Insofar as she viewed privatisation as a means to “spread the nation’s wealth among as many people as possible”, Thatcher’s policies failed. Judging from ownership of stocks and shares, British citizens’ share of national wealth continued its decline in the 1980s. Similarly, there is no evidence privatisation improved the efficiency of formerly publicly owned assets on average.

Despite the failures of privatisation, not to mention its unpopularity with the British people, Thatcher’s successor, John Major, oversaw the “privatisation” of British (not Northern Ireland) railways between 1994 and 1997.

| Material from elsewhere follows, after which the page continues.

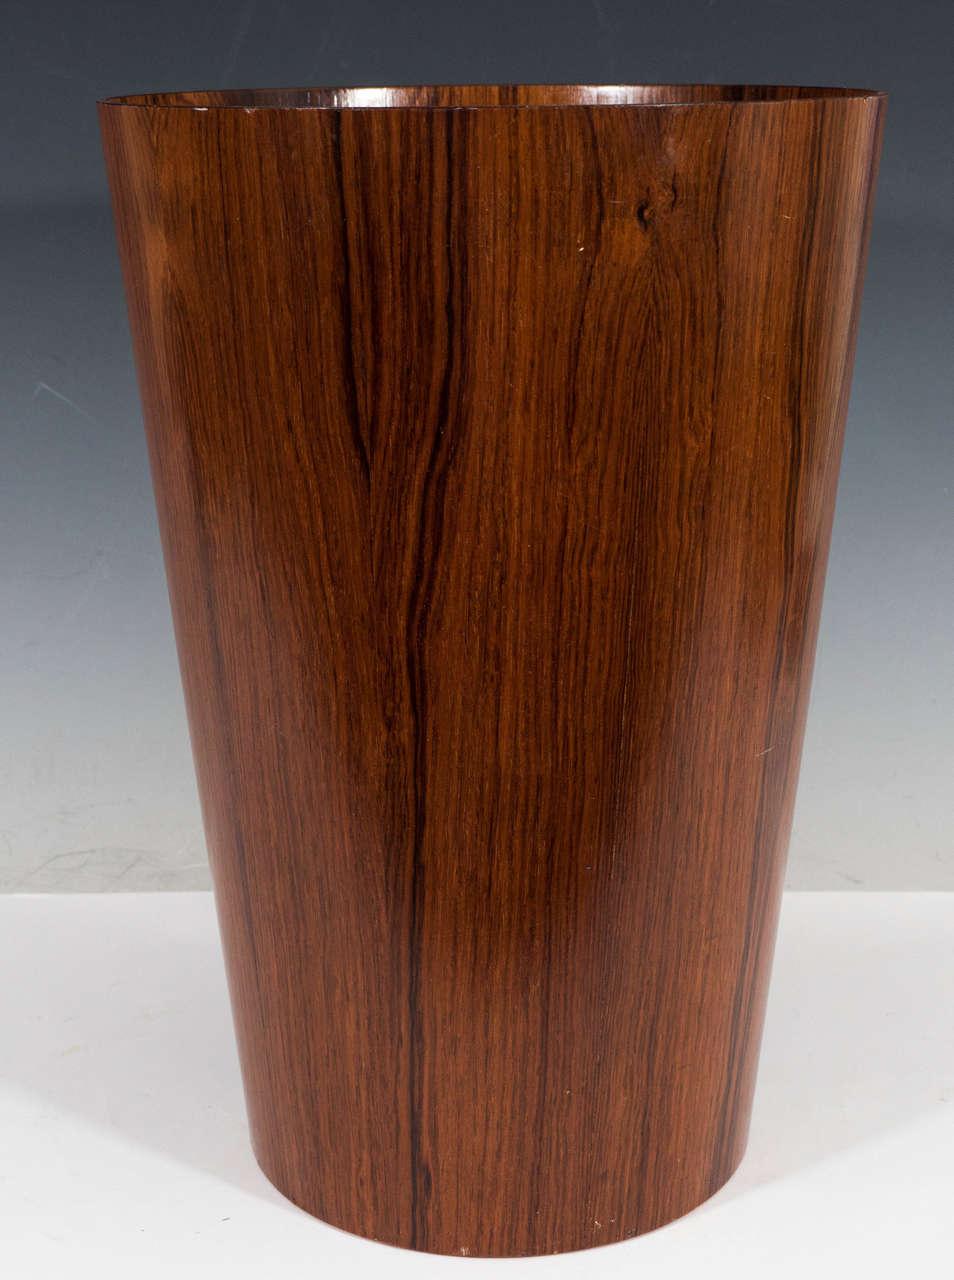 A Vintage Scandinavian Cylindrical Waste Basket Veneered In Exotic Wood Marked On Underside With
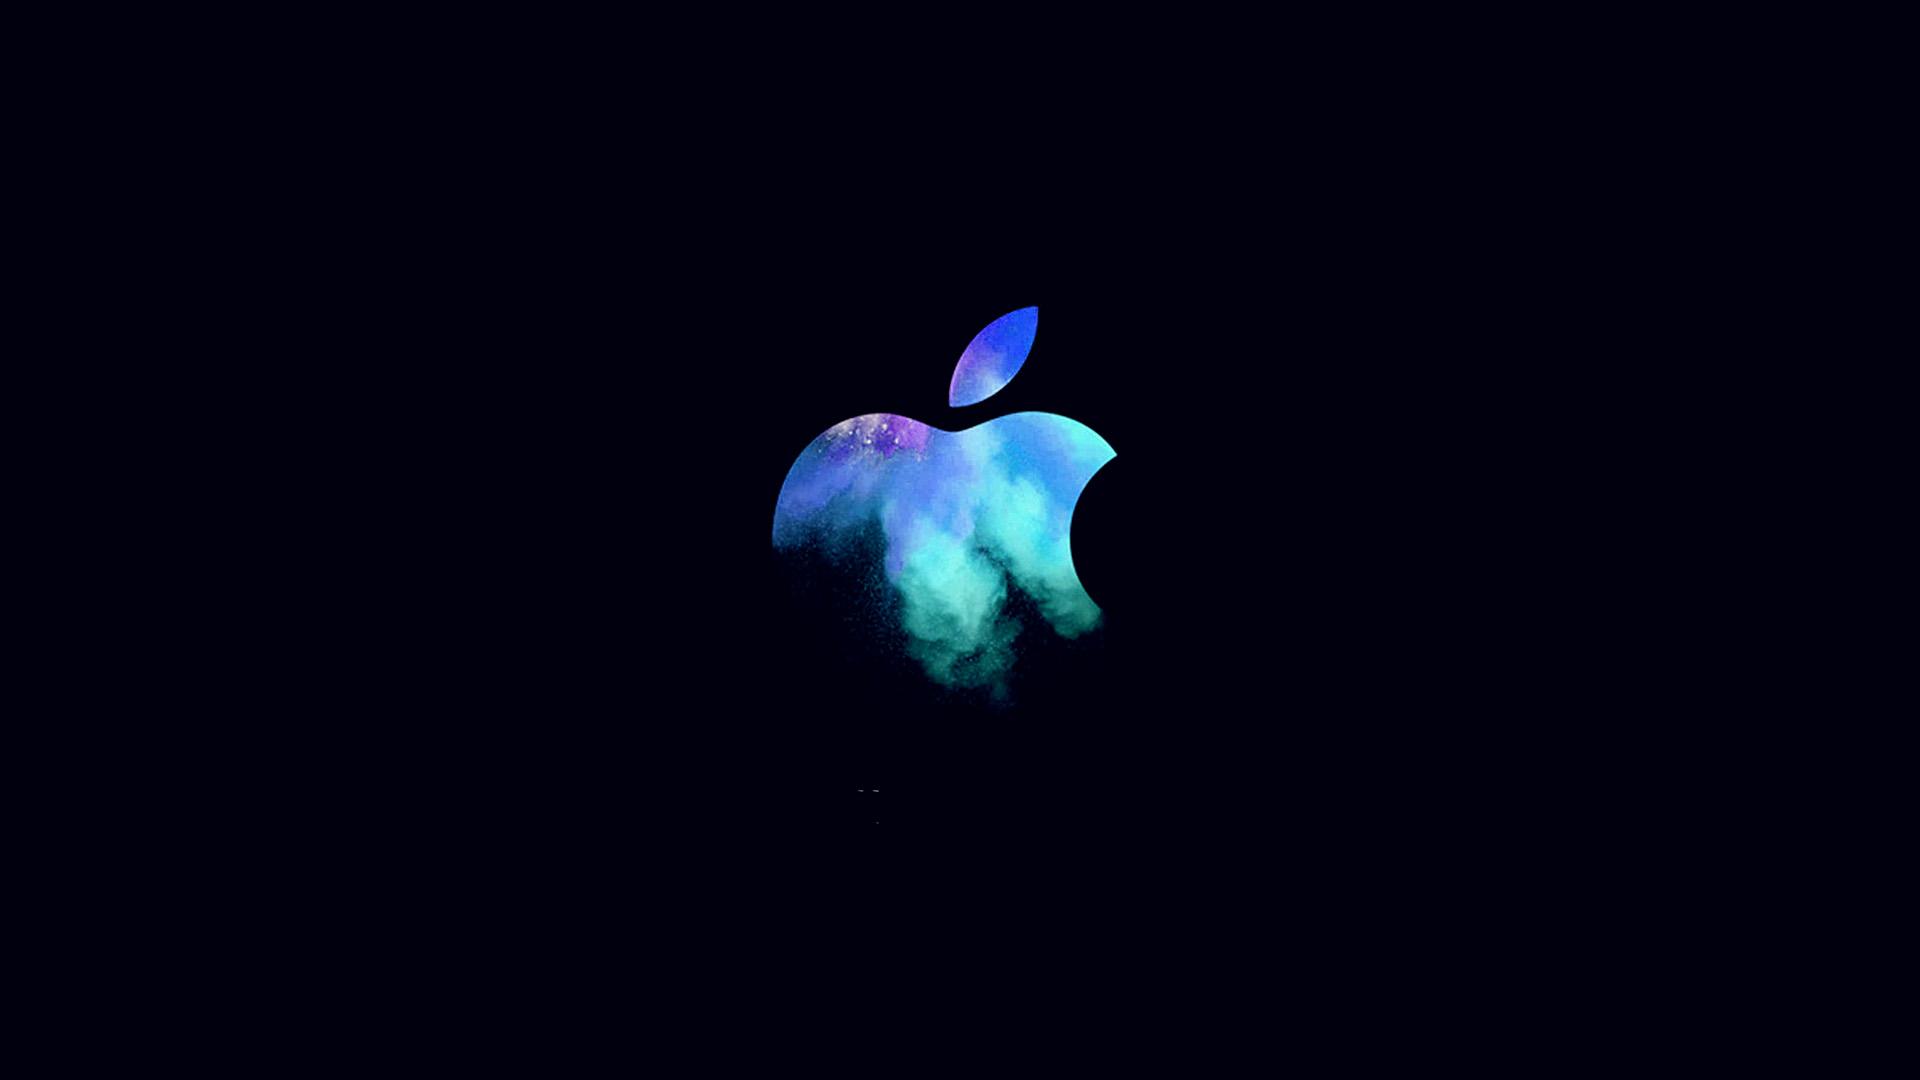 Fall Hd Wallpaper For Mac Au33 Apple Mac Event Logo Dark Illustration Art Blue Wallpaper

The network was not privatised in the usual sense of the word. Railways have always relied on implicit and explicit public subsidies, and continue to do so. It is rather the case that the railways were franchised.

The franchising system is complex. Train operating companies (TOCs), subsidised by the taxpayer, run franchises awarded by the Department for Transport. TOCs rent their rolling stock from the (taxpayer-subsidised) rolling stock companies (Roscos) and run their services on lines owned by the publicly owned Network Rail (not having to pay the full cost of lines is yet another effective subsidy of the industry).

Some of these subsidies go into the rail network, but much of this taxpayer cash simply becomes dividends for the franchise holders. The start of COVID lockdowns saw passenger numbers flatline and, in an (effective) renationalisation, the government stepped in to bear most of the rail companies’ risk. Before this, under the franchise schemes, subsidies were around twice their pre-“privatisation” levels in real terms.

Although rail “privatisation” was promoted by EU directive 91/440, no other EU nation followed the British example. Few, if any, comparator nations have such a high level of “private” rail provision as the UK.

And few, if any, governments would adopt the British model now. On the contrary, the British case is held as a cautionary tale, with high prices, fragmented services and ageing rolling stock all feeding into the network’s troubles.

Ironically, prior to COVID, many British train services were run in whole or in part by the nationalised rail operators of other EU countries. Even the market, it seems, prefers public provision.

Return journey

The easiest route to renationalisation, if we really can call it that, given that the railways were never properly privatised, would be for government to admit its mistakes and simply not renew the franchise of the TOCs. This is Labour Party policy. This route wouldn’t solve all the railway’s problems – there would still be the issue of the Roscos to sort out. But it would be a start.

There is a precedent for this. In 2009 the East Coast Mainline operator National Express East Coast walked away from the TOC contract, meaning that the public sector had to step in and run the line.

Passenger satisfaction and profits subsequently improved. Such was the scale of the improvement that many assumed the “privatisation” experiment was over. However, in 2015 the line was re-franchised. After three more years, when it was clear the new franchise was underperforming, the line returned to public ownership.

The policy of renationalisation is not really that – the railways were never properly privatised. In truth, it’s more like ceasing to prop up at least part of the franchise scheme with taxpayers’ hard-earned money.